# Restricting opening to side door



## betsy (Oct 8, 2007)

Hello 
I have a Autocruise Tempo 2008 on a Peugeot Boxer LWB.
The problem I have is not unique to this model and I hope that someone one here, with a PVC, has found a simple and easy way to overcome a problem I think others might find annoying. 
The problem is, has anyone found a way to easily restrict the opening to the large side door?
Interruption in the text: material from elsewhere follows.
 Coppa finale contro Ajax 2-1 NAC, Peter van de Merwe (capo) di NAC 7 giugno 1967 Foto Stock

I often just attach my gas BBQ to the on board gas cylinder and if we are not careful the door can bash against the locker door and cause damage.
Any ideas please
Colin


----------



## Zebedee (Oct 3, 2007)

Hi Colin

I may be talking utter rubbish (nothing new there then!! :lol: ) because I can't visualise your door, but my immediate thought is to drop a stick in the bottom channel so the slider can go only so far.

This of course assumes there is a bottom channel that you can access.
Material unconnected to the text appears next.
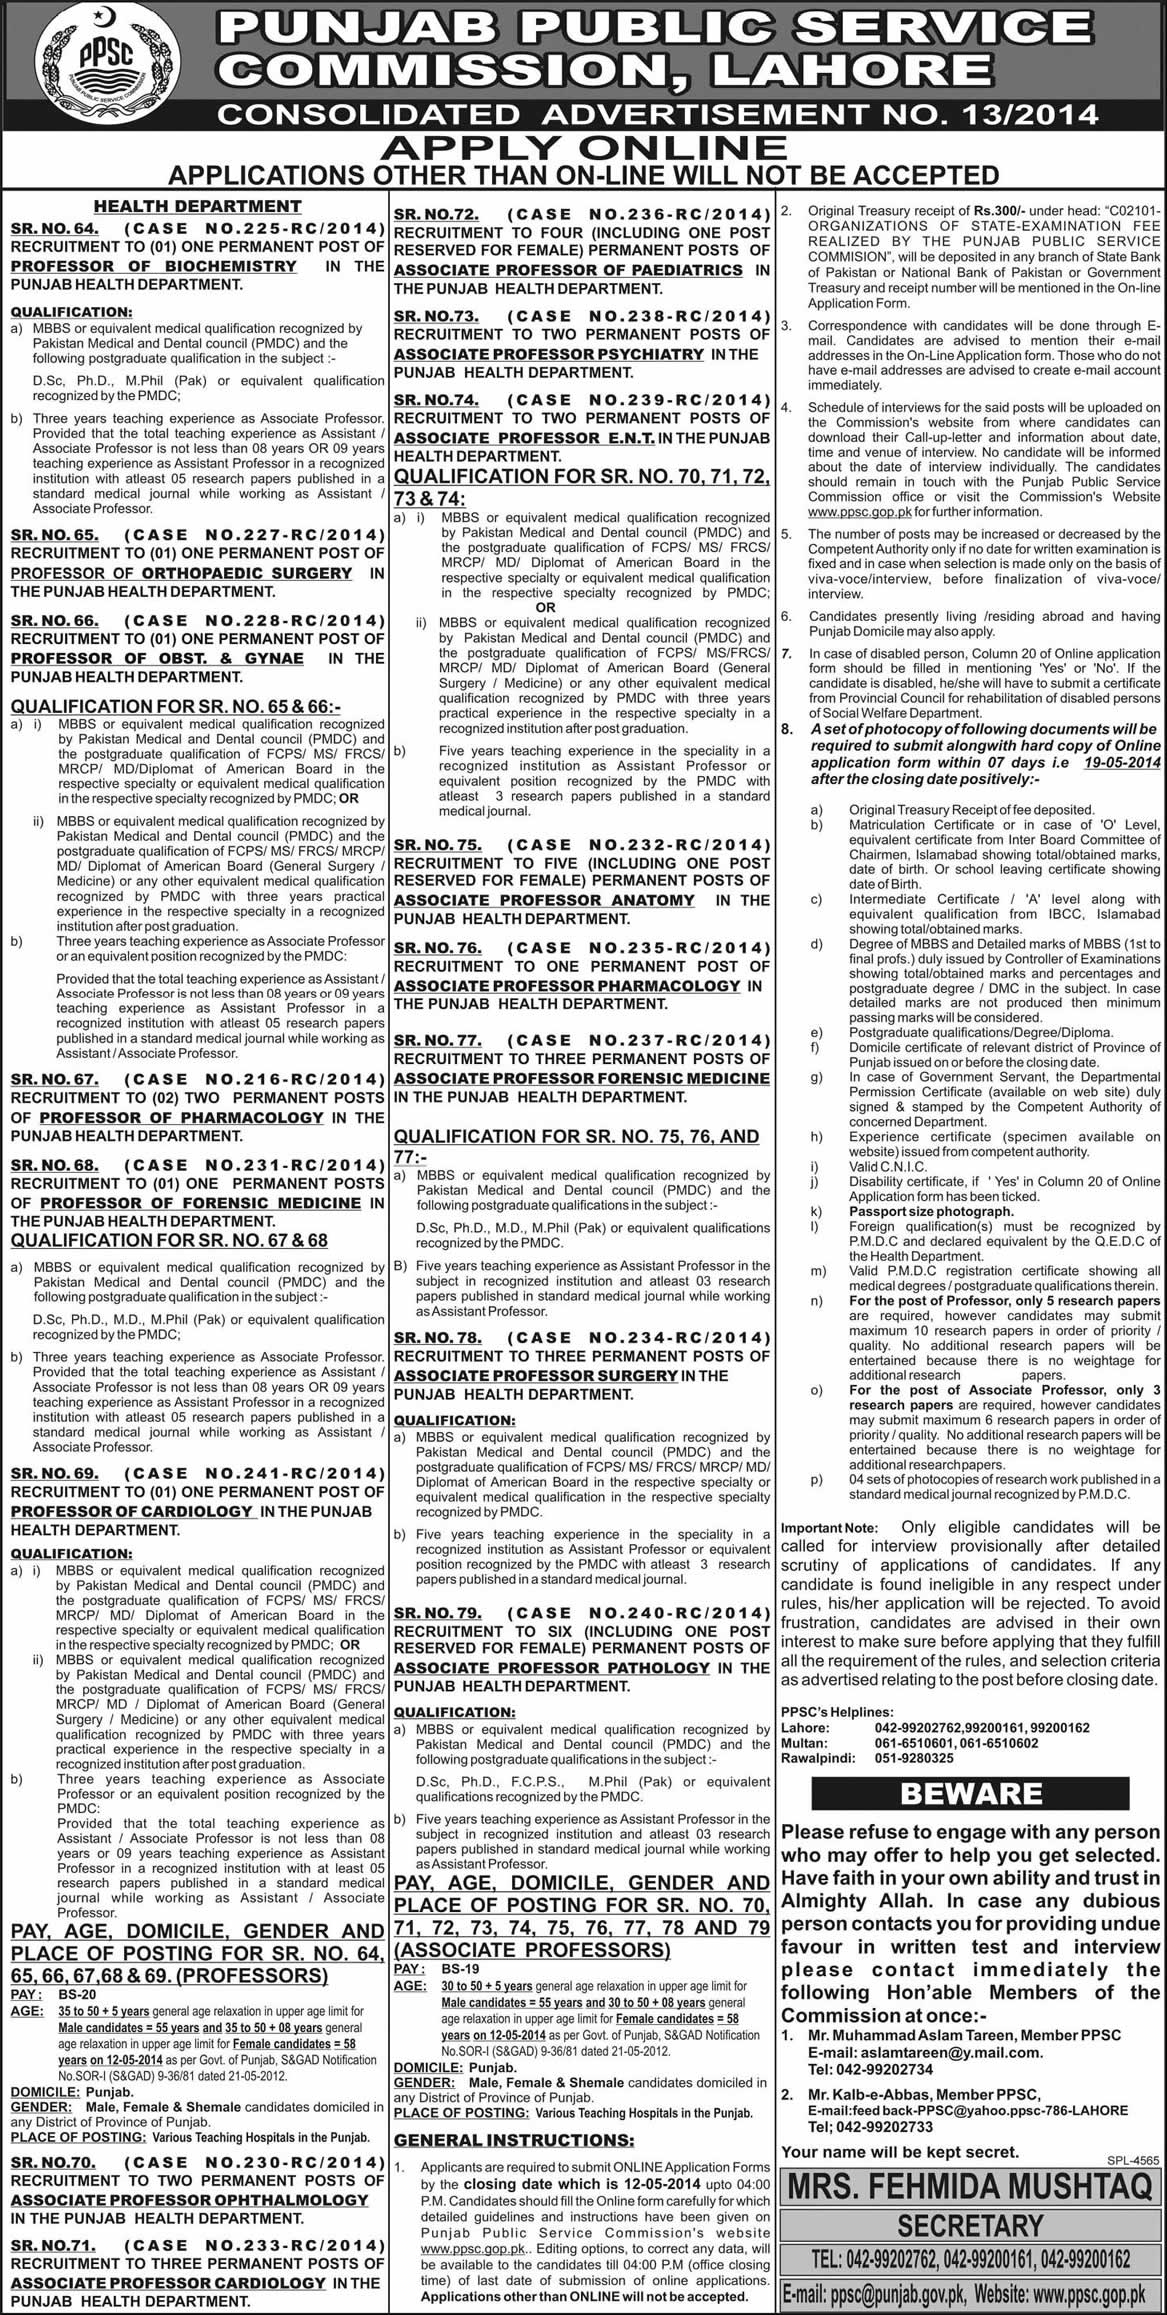 PPSC Jobs April 2014 in Punjab Health Department Advertisement No 13/2014

Hope this helps. Pour scorn and derision if it doesn't . . . I can take it! :lol: :lol: :lol:


----------



## rowley (May 14, 2005)

This was discussed back in 2008 with no positive outcome. There was a few ideas, and Premier Motorhomes confirmed that there wasn't a Fiat part available. I did see on a German website a solution but it did seem expensive. Unfortunately I cannot find it again.


----------



## rowley (May 14, 2005)

I think that this might do the job. 
http://www.türstopper-schiebetüren.de/


----------



## rowley (May 14, 2005)

Found the translated version
http://translate.google.co.uk/trans...iNAg&sa=X&oi=translate&ct=result&resnum=1&ved


----------



## peaky (Jul 15, 2009)

apparently you need something called a stopsy look up panel van conversions on here for the link will do just what you want.


----------



## rowley (May 14, 2005)

The above website is for the Stopsy.


----------



## betsy (Oct 8, 2007)

My thanks to all for their response.
The Stopsy looks like it does the job - such a simple device. I assume that the door with the device fitted, still can open to its full width and that the door roller just ramps up and over and can then latch on the normal catch. Please can anyone confirm that is the case. 
Thanks again
Colin


----------



## peejay (May 10, 2005)

Hi Colin,

I posted about the Stopsy last year, its at the bottom of the first post in this thread...

http://www.motorhomefacts.com/ftopicp-933091.html#933091

Also if you look at the very last post in the thread one of our members 'GeoffCrowther' has got one of these, have a look at his blog, might be worth PM'ing him for further info....

http://amotorhomelife.blogspot.com/p/modifications-and-personalisation-of.html

Pete


----------



## betsy (Oct 8, 2007)

Thank you all for your advise and assistance - looks like I will consider buying one.

Colin


----------